Rechtliche Würdigung
Die Ausführungen der Vergabekammer zum Zeitpunkt, zu dem die Verpflichtungserklärungen vorliegen müssen, können nicht überzeugen und dokumentieren anschaulich die noch immer vorherrschende Unsicherheit im Umgang mit den Anforderungen nicht nur des nordrhein-westfälischen Vergabegesetzes.
Bereits mit Beschluss vom 29.01.2014 (Az. VII-Verg 28/13, Besprechung des Autors hier im Vergabeblog), bestätigt durch den Beschluss vom 25.06.2014 (Az. VII-Verg 39/13, Besprechung des Autors hier im Vergabeblog) hat das OLG Düsseldorf klargestellt, dass die Verpflichtungserklärungen des TVgG-NRW nicht die Eignung der Bieter betreffen, sondern ergänzende Bedingungen an die Auftragsausführung aufstellen. Die Bieter verpflichten sich mit den Erklärungen, im Falle der Auftragserteilung während der Leistungserbringung (in der Zukunft!) die Vorgaben zur Mindestentlohnung, Frauen- und Familienförderung etc. zu beachten. Es handelt sich gerade nicht um bieterbezogene Eignungsaspekte, die in einem vorgelagerten Teilnahmewettbewerb geprüft werden können.
Praxistipp
Die Verpflichtungserklärungen, die zusätzliche Anforderungen an die Auftragsausführung stellen, können und dürfen daher sinnvollerweise erst im Rahmen des Angebotes eingefordert werden. Dies erschließt sich auch, wenn man bedenkt, dass ein Bieter erst zu diesem Zeitpunkt überhaupt abschließend beurteilen kann, wie er die Leistung konkret erbringen will. Je nach ausgeschriebener Leistung kann ein Interessent aus der Bekanntmachung noch nicht abschließend erkennen, was der konkrete Leistungsinhalt ist.

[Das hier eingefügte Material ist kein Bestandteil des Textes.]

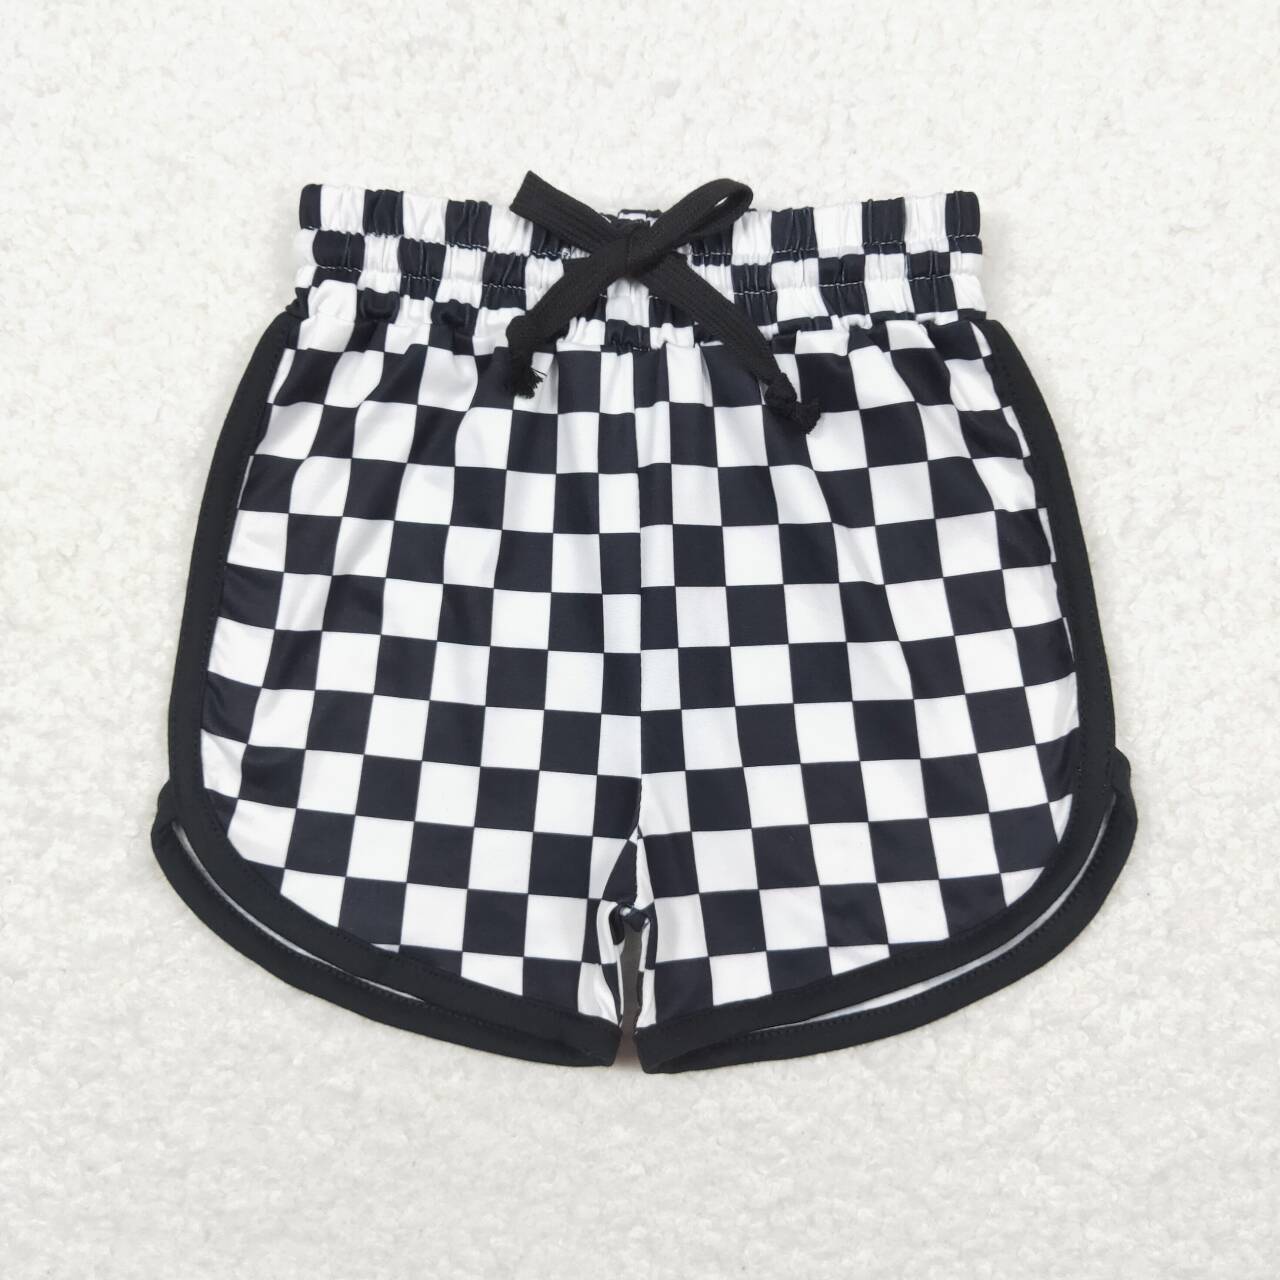 Adult women black checkered shorts
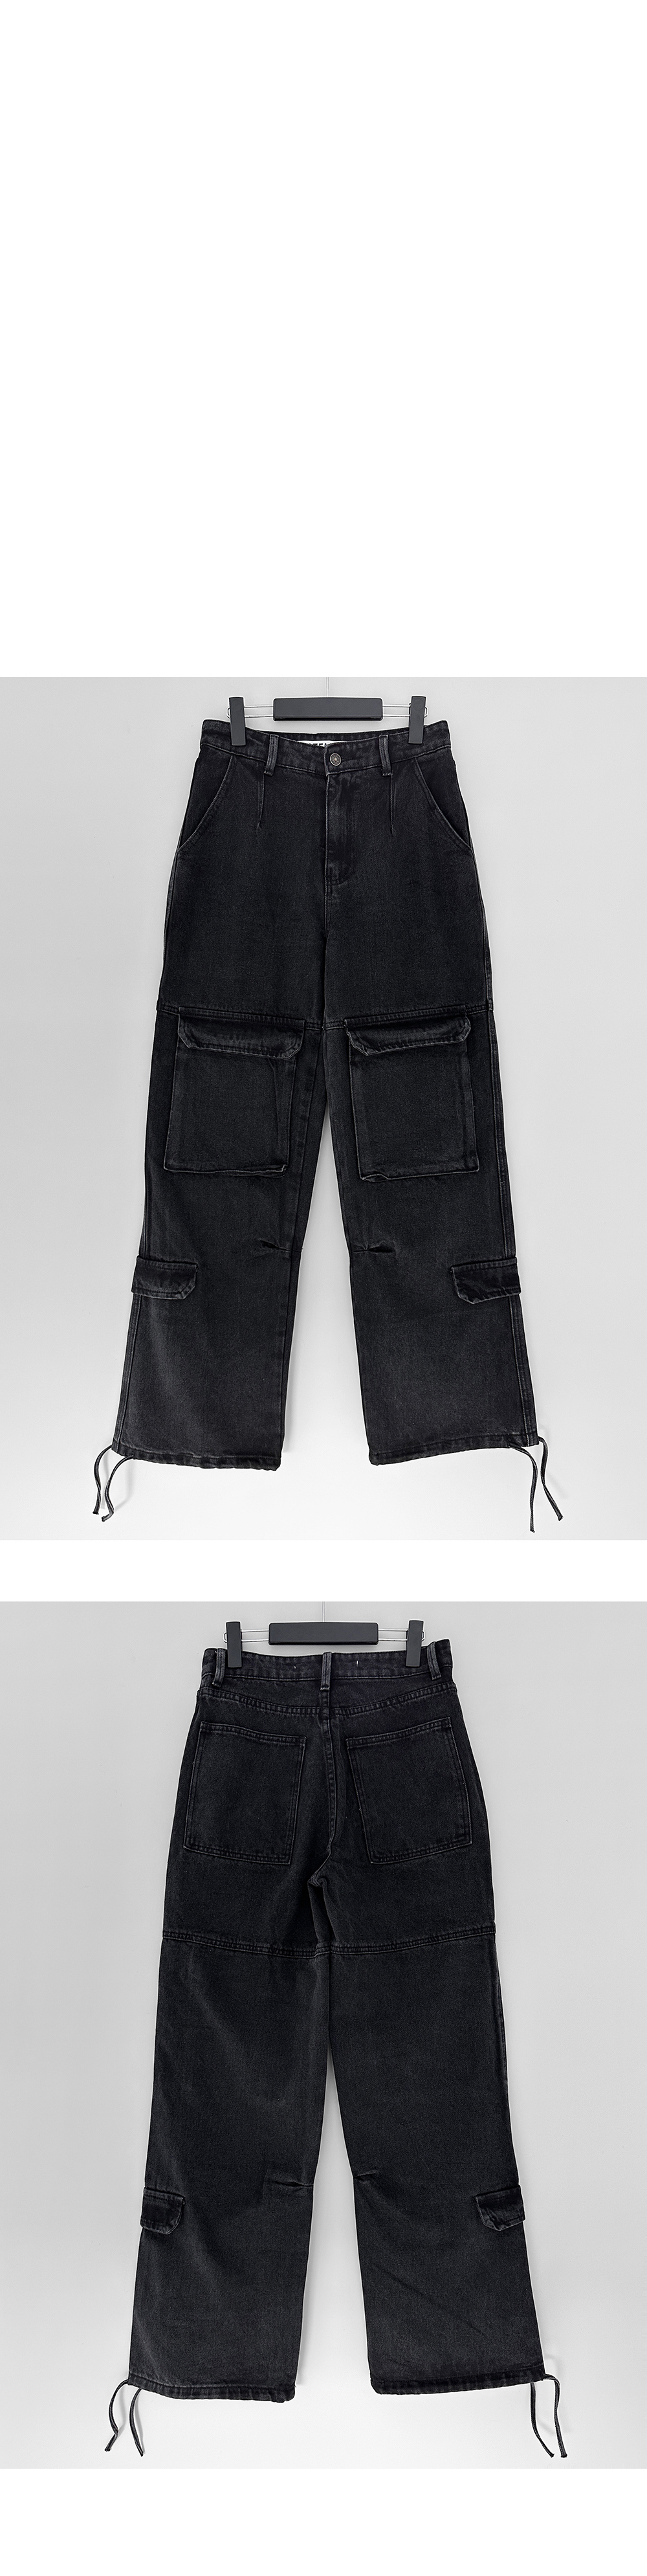 suspenders skirt/pants charcoal color image-S1L8

Lediglich die Erklärung gemäß § 16 Abs. 5 TVgG-NRW sowie die Nachweise nach § 7 TVgG-NRW betreffen tatsächlich die Eignung der Unternehmen und sind daher bereits im Teilnahmewettbewerb von den Bewerbern vorzulegen (ausführlich hierzu Fandrey, Tariftreue- und Vergabegesetz Nordrhein-Westfalen, 2014, Rn. 541 ff.).